RAW DATA →
:::::
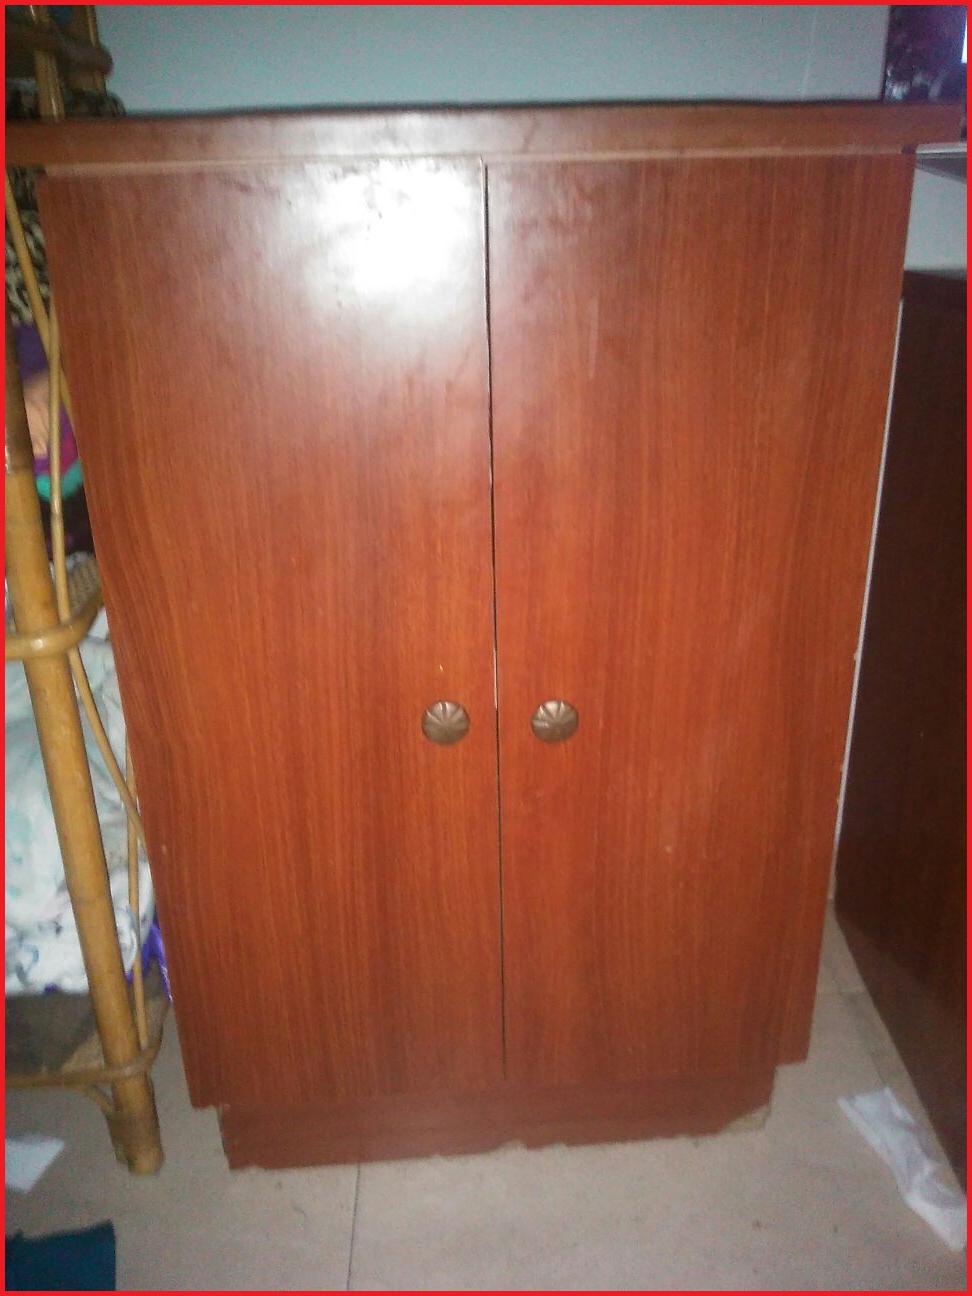 Sofas Coruña U3dh Muebles Coruà A 15 Coru Vendo Mueble Con Ruedas De Dos
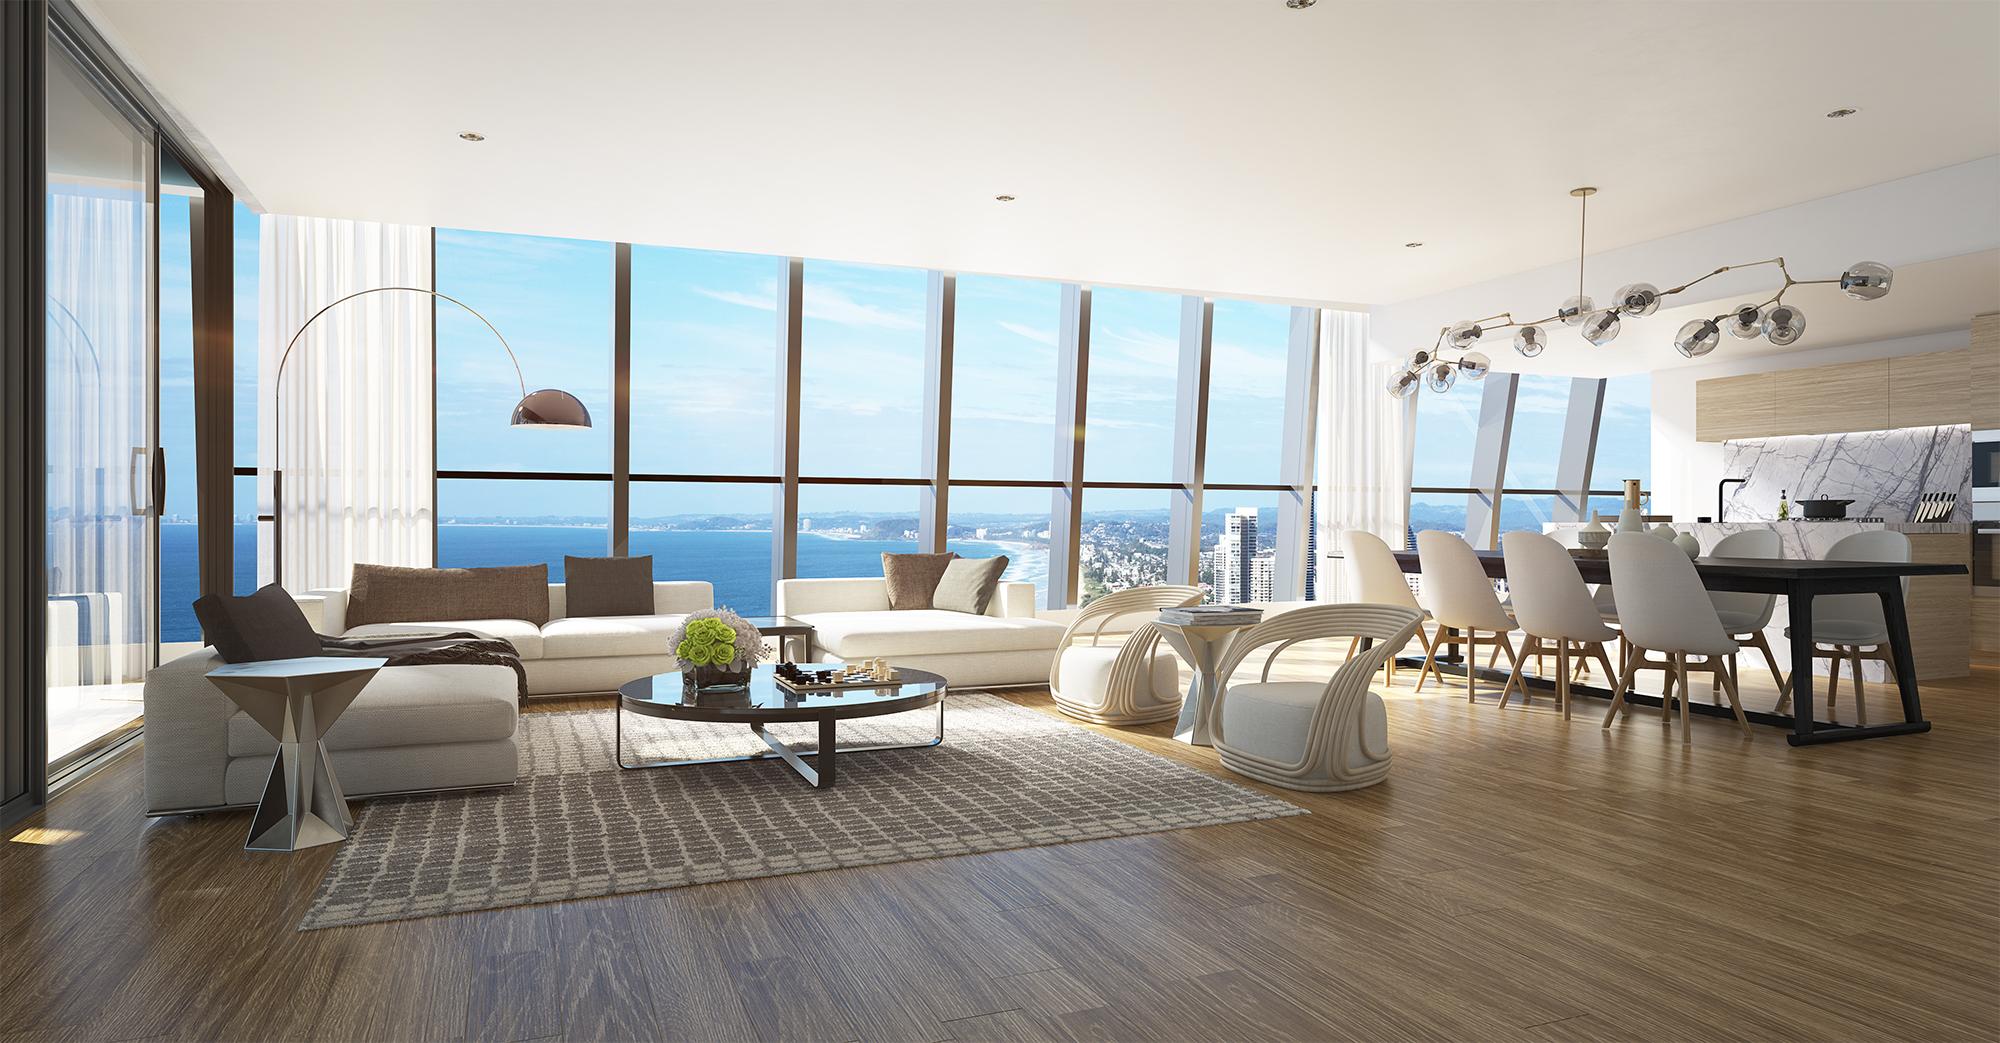 interior - living a
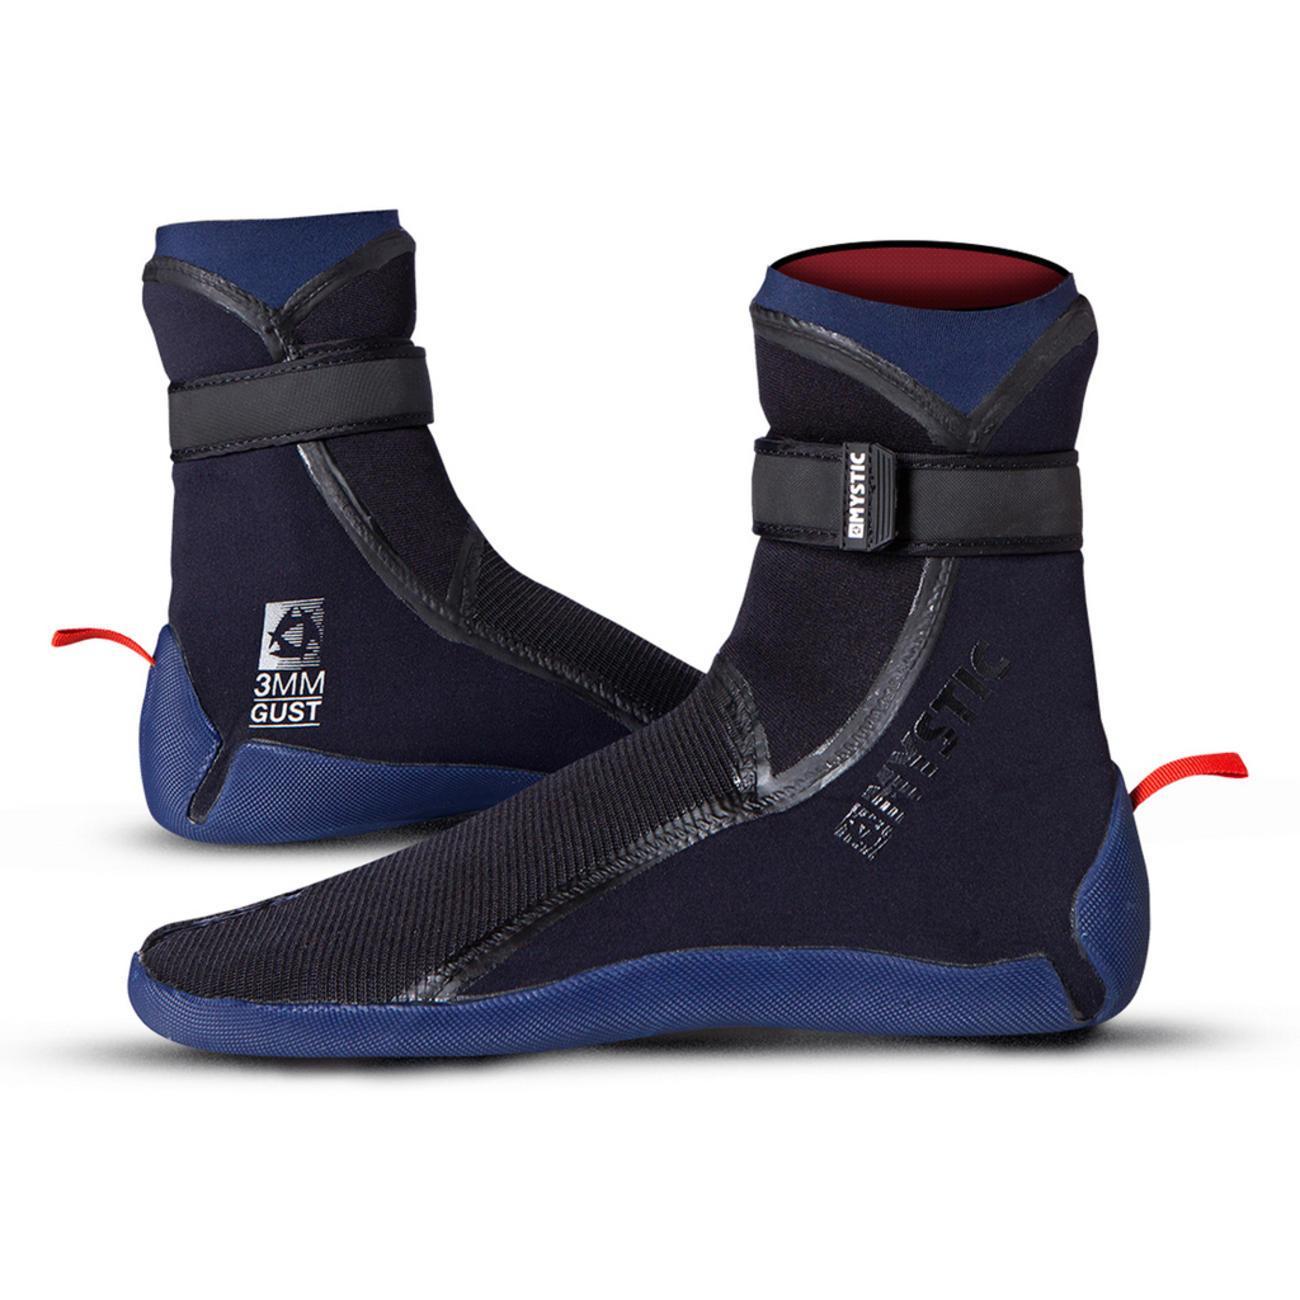 Gust Semi Boot 3mm Split-toe
:::::
WHAT TO DO →
Every line above must be printed again exactly, pictures excluded.

ANSWER TO THE EXERCISE →
 Sofas Coruña U3dh Muebles Coruà A 15 Coru Vendo Mueble Con Ruedas De Dos
 interior - living a
 Gust Semi Boot 3mm Split-toe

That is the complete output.